- What to work on
Without the images, print all the entries below exactly as given.

━━ Dataset content ━━

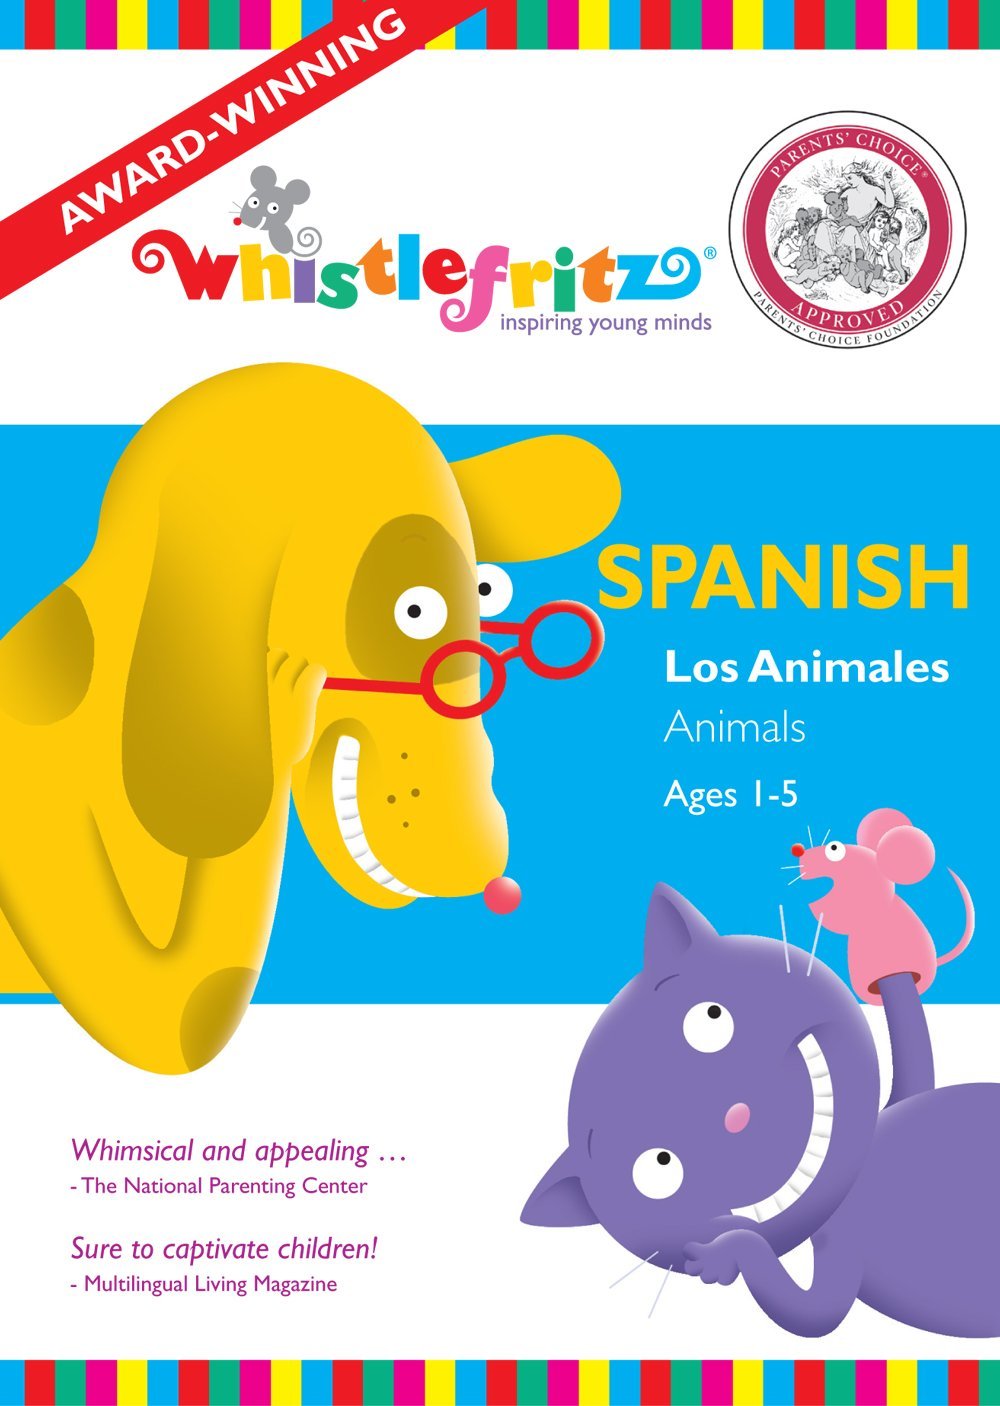 los animales learn spanish
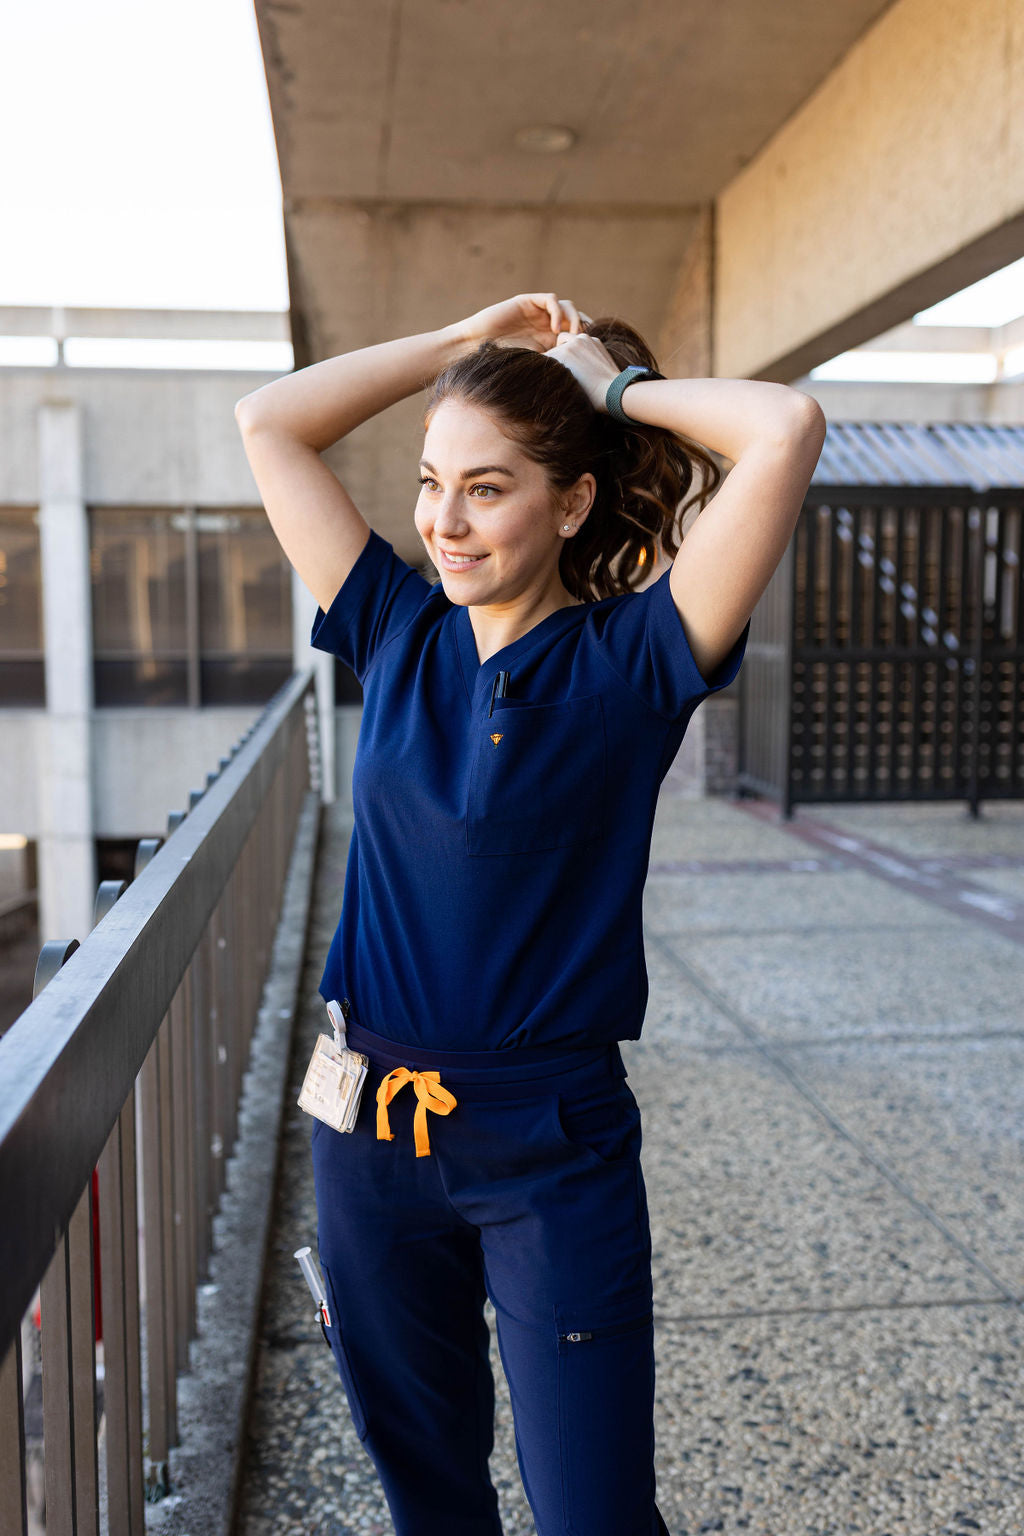 navy blue scrubs for women
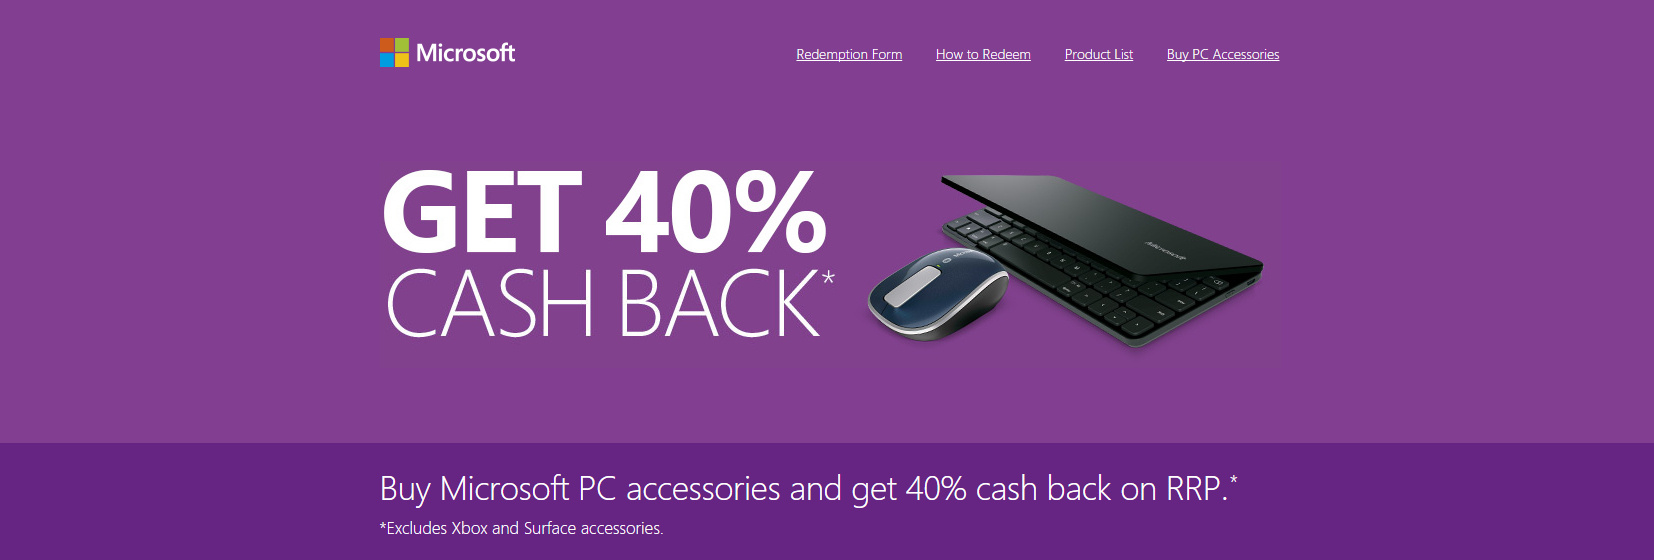 购买Microsoft PC accessories 40% Cash Back
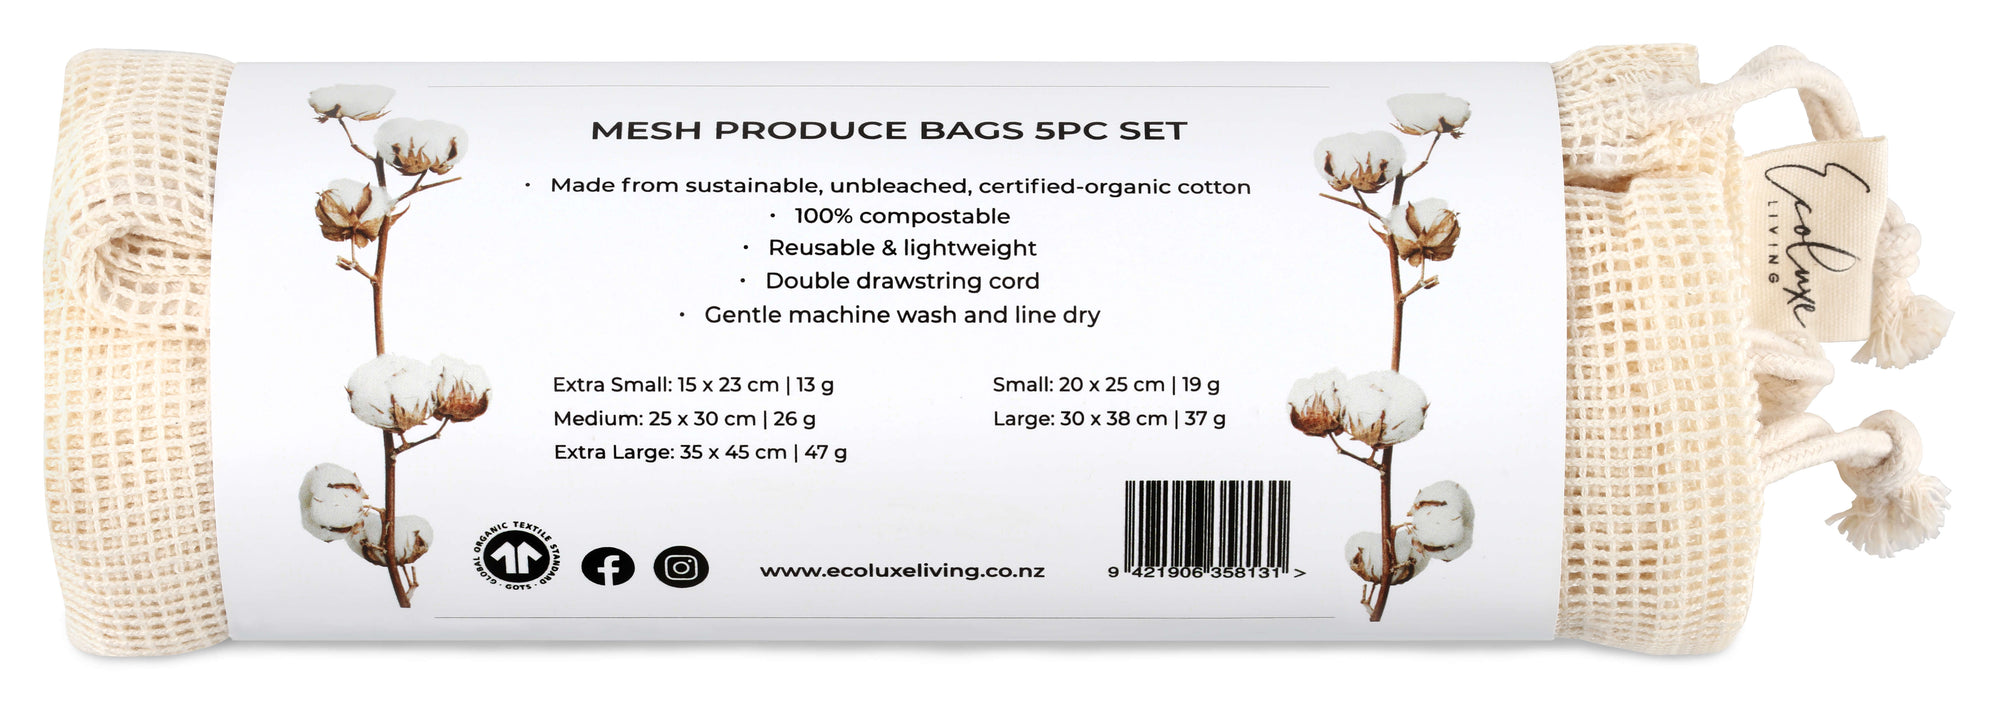 Mesh Produce Bags Set 5PC - EcoLuxe Living
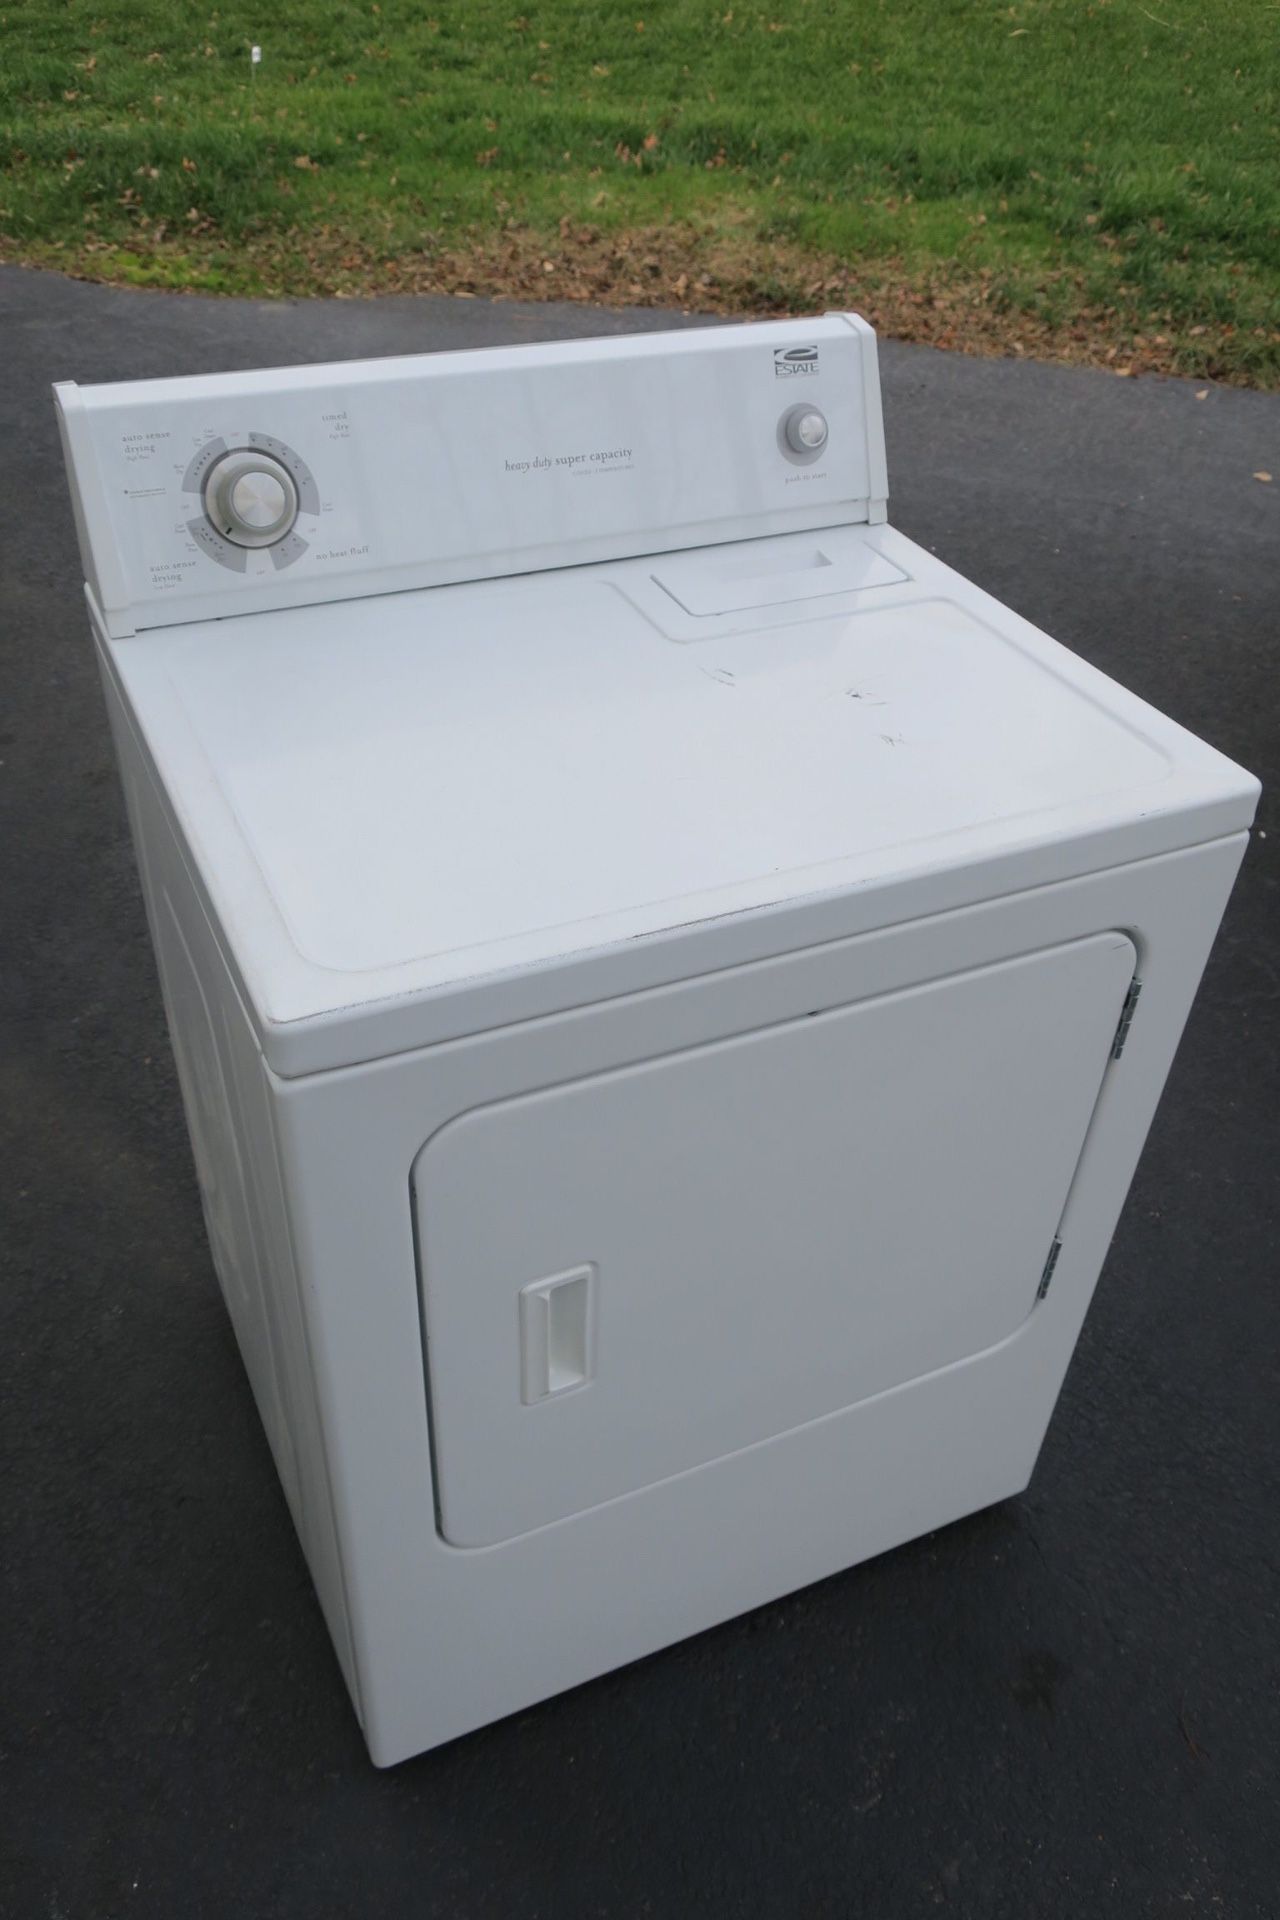 Whirlpool Estate electric dryer

━━━

- Solution for this task
 los animales learn spanish
 navy blue scrubs for women
 购买Microsoft PC accessories 40% Cash Back
 Mesh Produce Bags Set 5PC - EcoLuxe Living
 Whirlpool Estate electric dryer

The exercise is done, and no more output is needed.